*Task instructions*. Looking at the listing below, retype exactly the lines starting at the one containing "Sony Vegas Pro" and ending at the one containing "Alternate Image 1", both included, and nothing else.

*Records to use*.
________________________

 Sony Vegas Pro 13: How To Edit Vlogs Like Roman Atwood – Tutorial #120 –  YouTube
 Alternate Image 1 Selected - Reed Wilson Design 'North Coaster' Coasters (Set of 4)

________________________

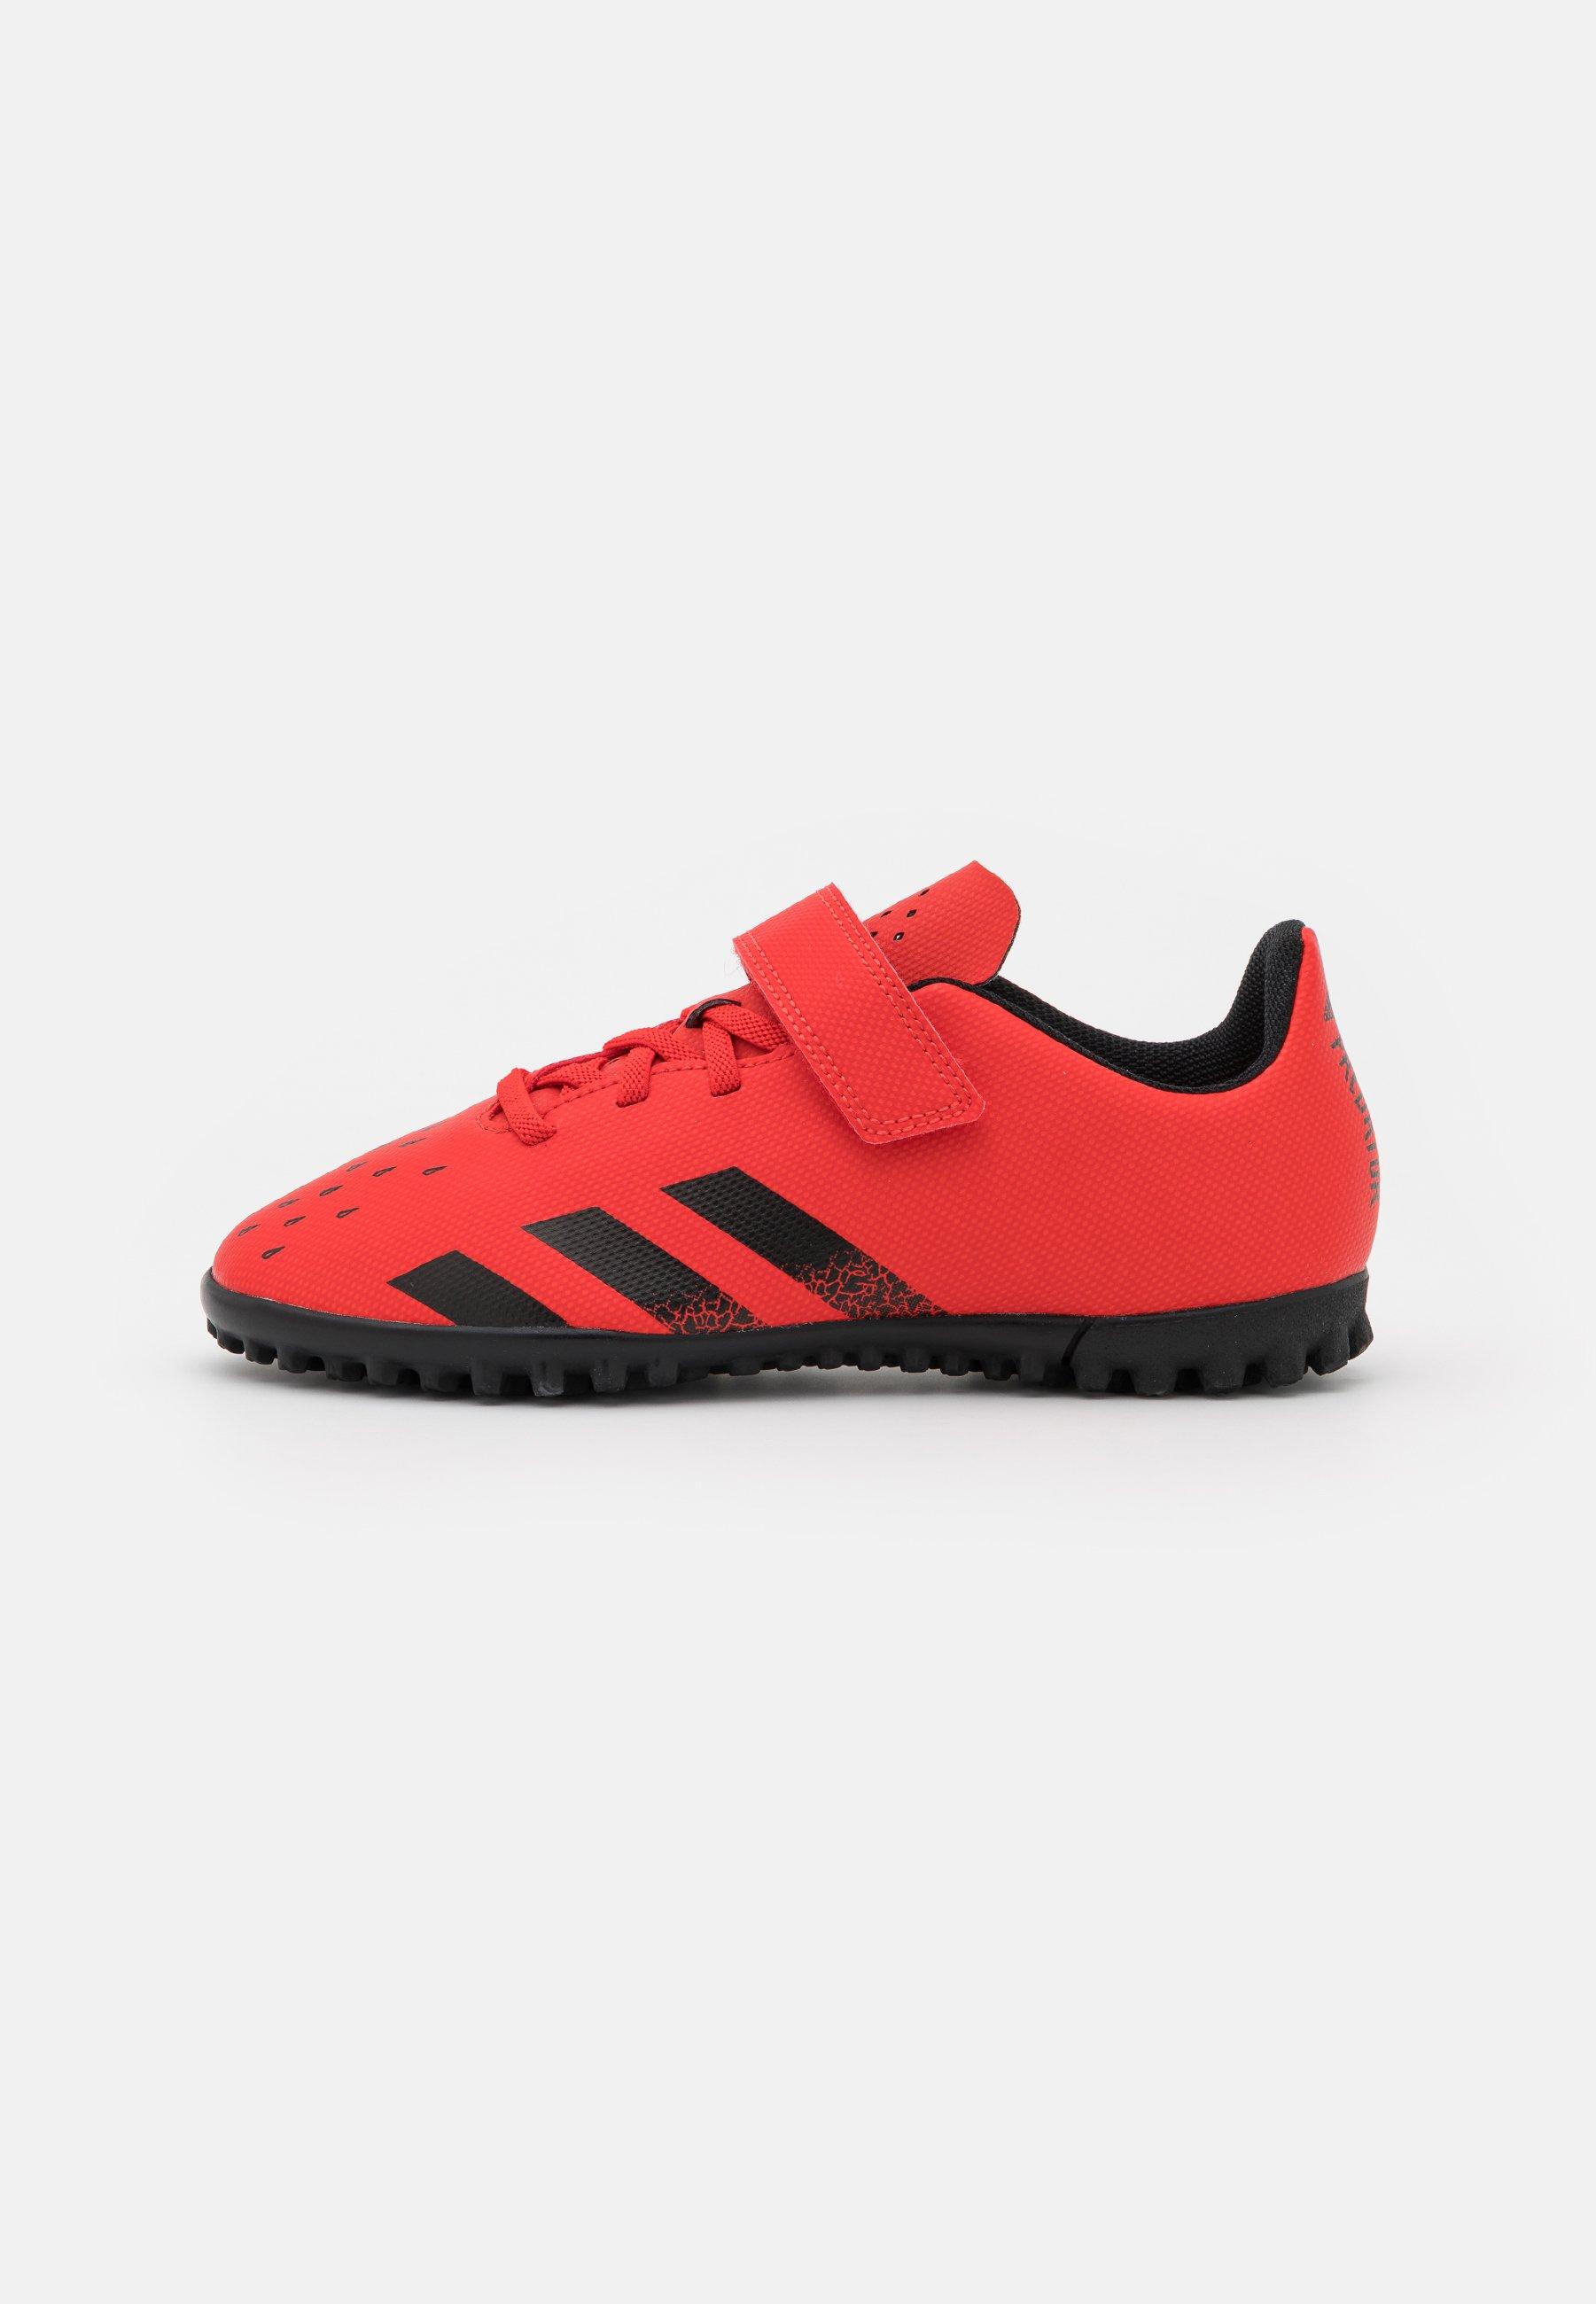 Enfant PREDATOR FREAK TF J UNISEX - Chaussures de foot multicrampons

________________________

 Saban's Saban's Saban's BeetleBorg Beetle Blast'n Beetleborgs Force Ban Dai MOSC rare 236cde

________________________

*Reply*.
 Sony Vegas Pro 13: How To Edit Vlogs Like Roman Atwood – Tutorial #120 –  YouTube
 Alternate Image 1 Selected - Reed Wilson Design 'North Coaster' Coasters (Set of 4)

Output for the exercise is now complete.